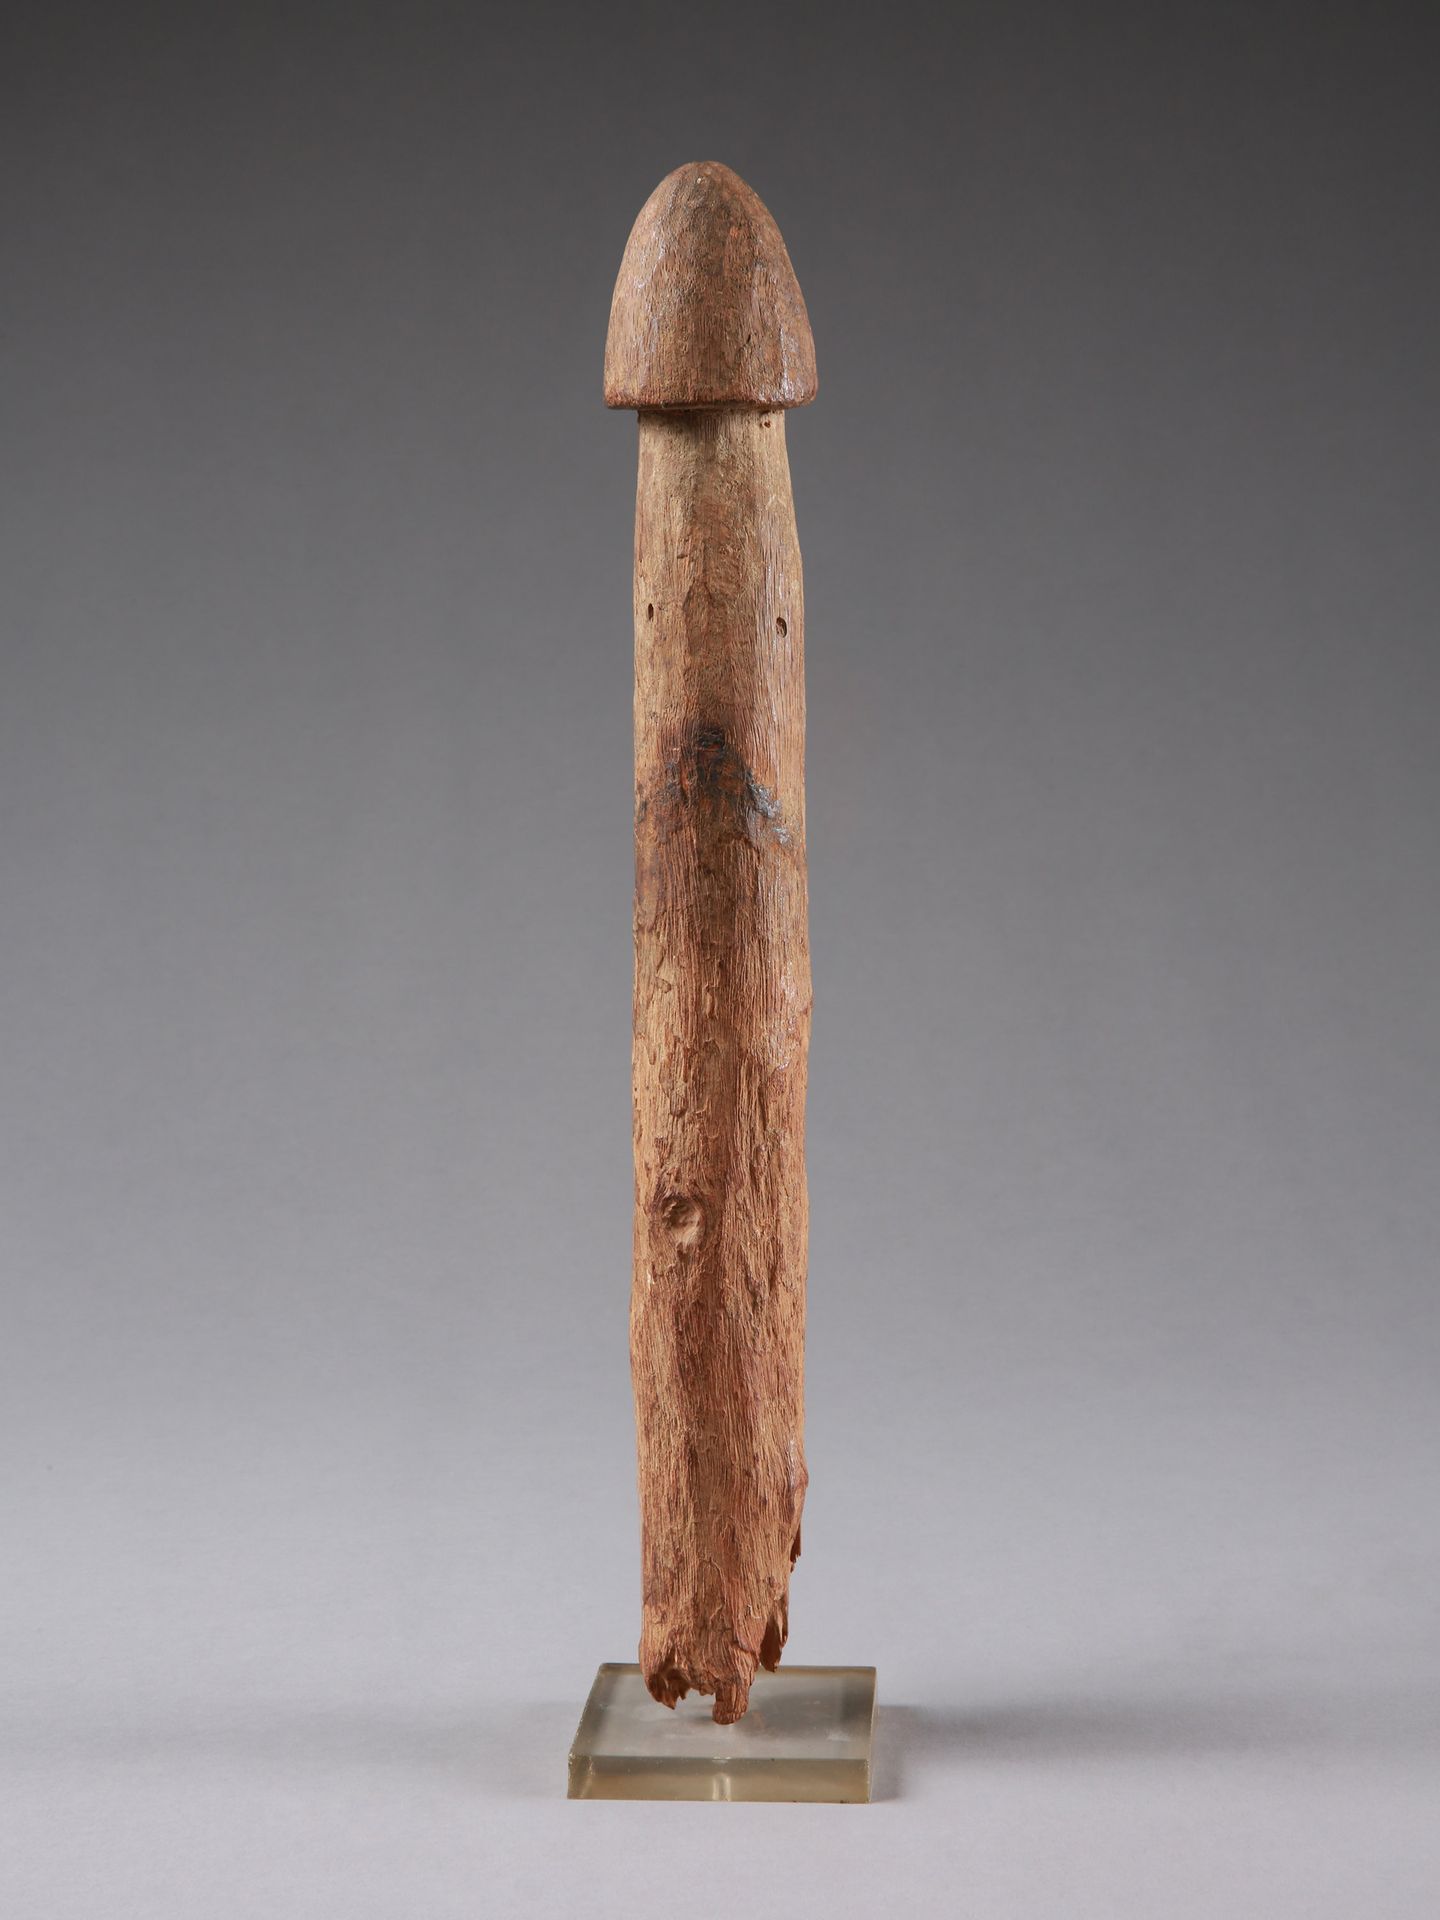 A Fon Phallus Holz-Phallus

Fon, Benin

Mit Sockel / with base

Holz. H 35 cm.

&hellip;
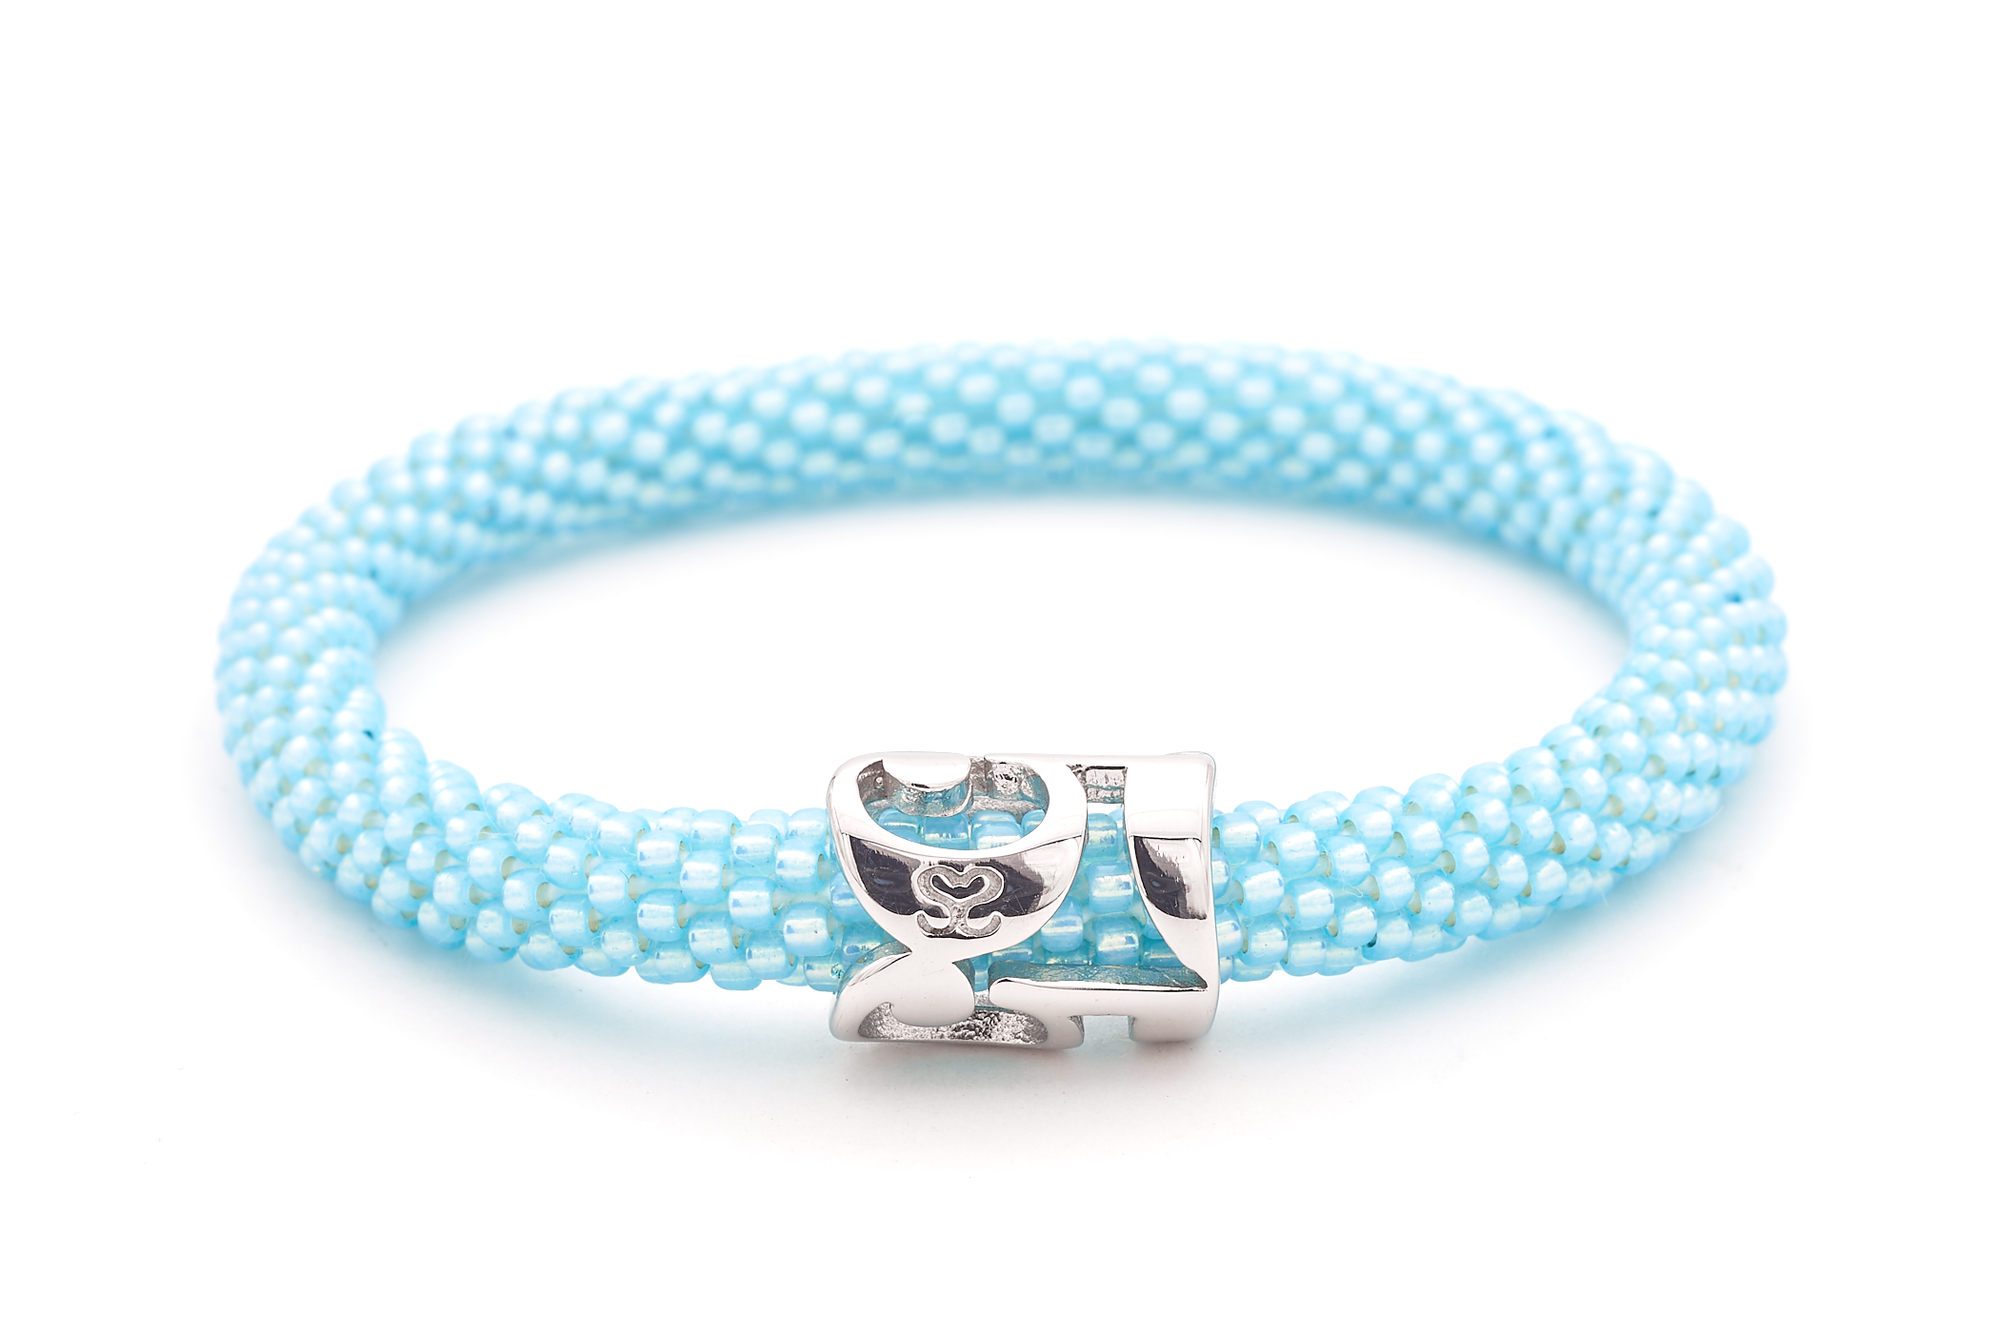 Sashka Co. Extended 8" Bracelet Pearl Light Blue / w Silver Charm 555 Angel Charm Bracelet - Extended 8"

**Your goal:** Precisely the lines from the one containing "Holz. H 35 cm." to the end of the data above, both included, should be printed; leave the pictures out.

**Answer to the problem:**
Holz. H 35 cm.

&hellip;
 Sashka Co. Extended 8" Bracelet Pearl Light Blue / w Silver Charm 555 Angel Charm Bracelet - Extended 8"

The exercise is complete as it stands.